Bernie Sanders, the self-proclaimed champion of socialism, was asked over the weekend to explain the harrowing economic collapse of Venezuela, not to mention several other socialists, South American countries.
And anyway, the free stuff for everybody presidential candidate is kind of caught flat-footed.
He didn't have an answer.
He didn't want to talk about it.
You know, so in other words, we have irrefutable evidence that the economic system that so many young people want free college, free, that Bernie Sanders raves about in reality is a staggering failure, and he has no response.
The question came from Univision.
I'm sure you know about this topic.
Various leftist governments, especially populists, are in serious trouble in Latin America.
The socialist model in Venezuela has the country near collapse.
Argentina, Brazil.
How do you explain the failure?
I'm sure you're interested in that.
His response was, I'm very interested, but right now I'm running for president of the United States.
Well, you're running on that platform, you dope.
Anyway, Univision goes, so you don't have an opinion about the crisis in Venezuela?
Of course I have an opinion, but as I said, I'm focused on my campaign.
Wow, that's not an answer.
A lot of pundits have been claiming lately that Donald Trump and Hillary Clinton have a problem in the honesty department.
Turns out that's not the way voters are seeing it.
Rasmussen, latest poll, Donald Trump, more honest than Hillary by more than a two-to-one margin.
Oops.
I think people have figured out Hillary's a liar.
The State Department had to admit today that a 2013 press conference that was on video was purposefully edited and altered to remove the portion of the discussion about the Iranian nuclear talks after a State Department official asked that it be edited out.
John Kirby's announcement contradicts the position that was held by the department for the last three weeks during which officials said the video was missing because of a glitch.
Well, they got caught.
Kirby said officials didn't know who asked for the video to be edited.

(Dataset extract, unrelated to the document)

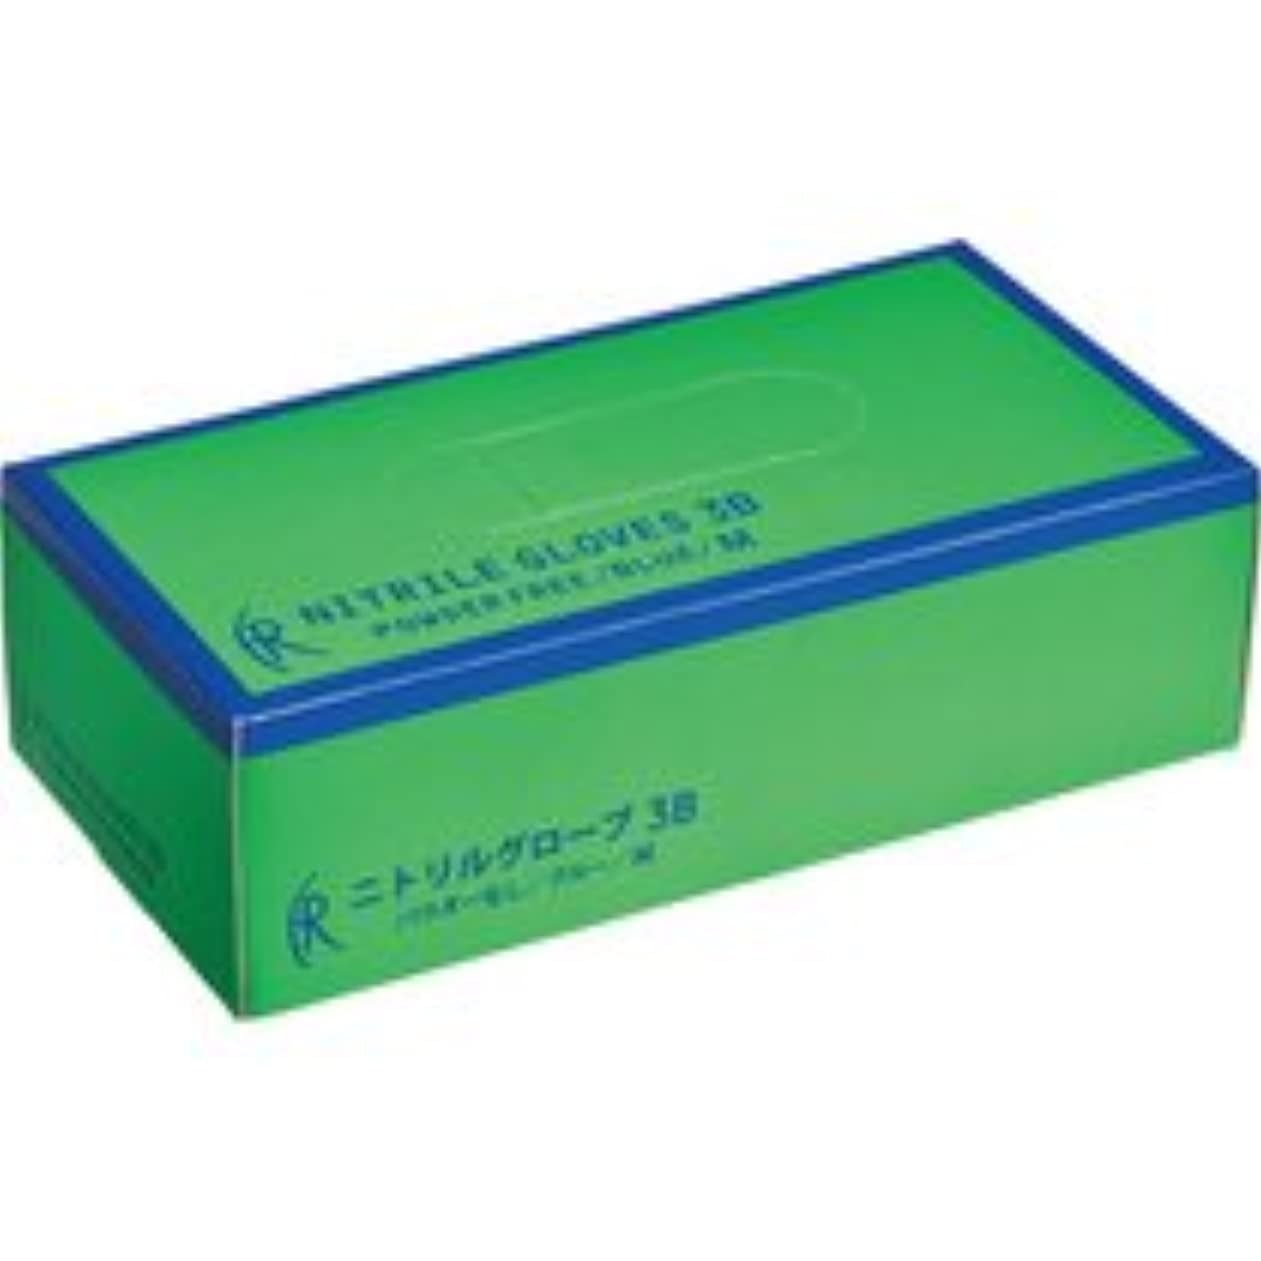 プログレッシブずんぐりした出費ファーストレイト ニトリルグローブ3B パウダーフリー M FR-5662 1箱(200枚)

Of course they don't know.
That'll be another 10-year congressional investigation to get to the truth of that.
Here's more evidence, by the way, that socialism doesn't work.
A couple of weeks ago, Betsy McCoy, she's been so adamant and so on top of, I mean, for years when we were debating Obamacare, she carried the whole bill into the studio, into the TV studio, underlined, highlighted.
She read it.
She's the only one that I know that read it and read it and read it and read it and knows it.

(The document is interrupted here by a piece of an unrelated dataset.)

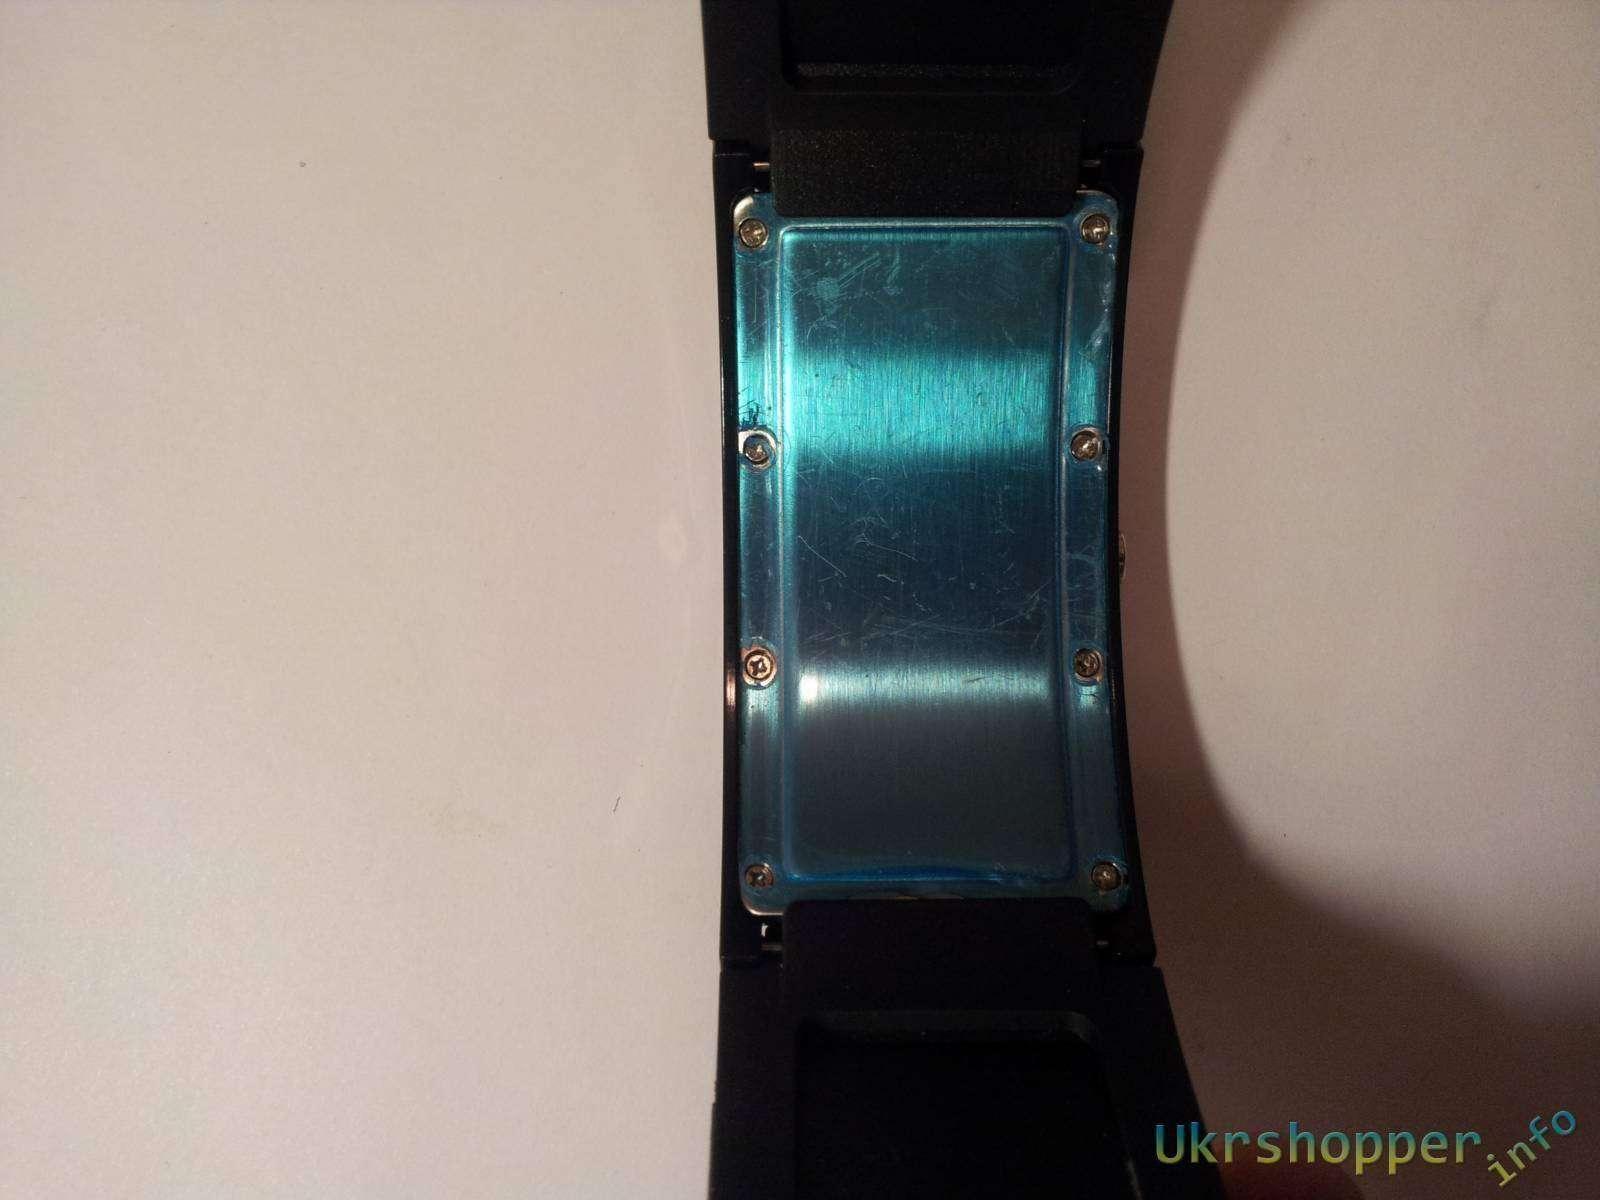 Aliexpress: Обзор оригинальных LED часов - браслета с настраиваемой бегущей строкой

Anyway, she reported on two studies that showed that since the implementation of Obamacare, now remember what you were promised: you keep your doctor, you keep your plan, average family saves $2,500 per family per year.
Well, she found since its implementation, 17,000 seniors have died prematurely just in California due to ration care.
Remember, Sarum Palin was mocked for using the term death panels.
Anyway, so you get a headline in the New York Times: quote: The first rise in U.S. death rate in years surprises the experts.
Well, guess what?
This year, you know, this totally unexpected rise in the death rate, you know, want to know when it started?
In 2015.
You know what the year 2015 represented?
The very first year Obamacare was fully implemented.
Now, of course, the Times, they're not going to make that connection.
They're mystified over what could possibly be causing a dramatic turnaround in the death rate.
Now, the death rate in the United States rose last year for the first time in a decade, according to federal data, a rare increase driven in part by more people dying from drug overdoses, suicides, and Alzheimer's.
The death rate from heart disease, long in decline, edged up slightly.
Now, death rates measured as the number of deaths per 100,000 people have been declining for years because of the improvements in health and disease management and medical technology.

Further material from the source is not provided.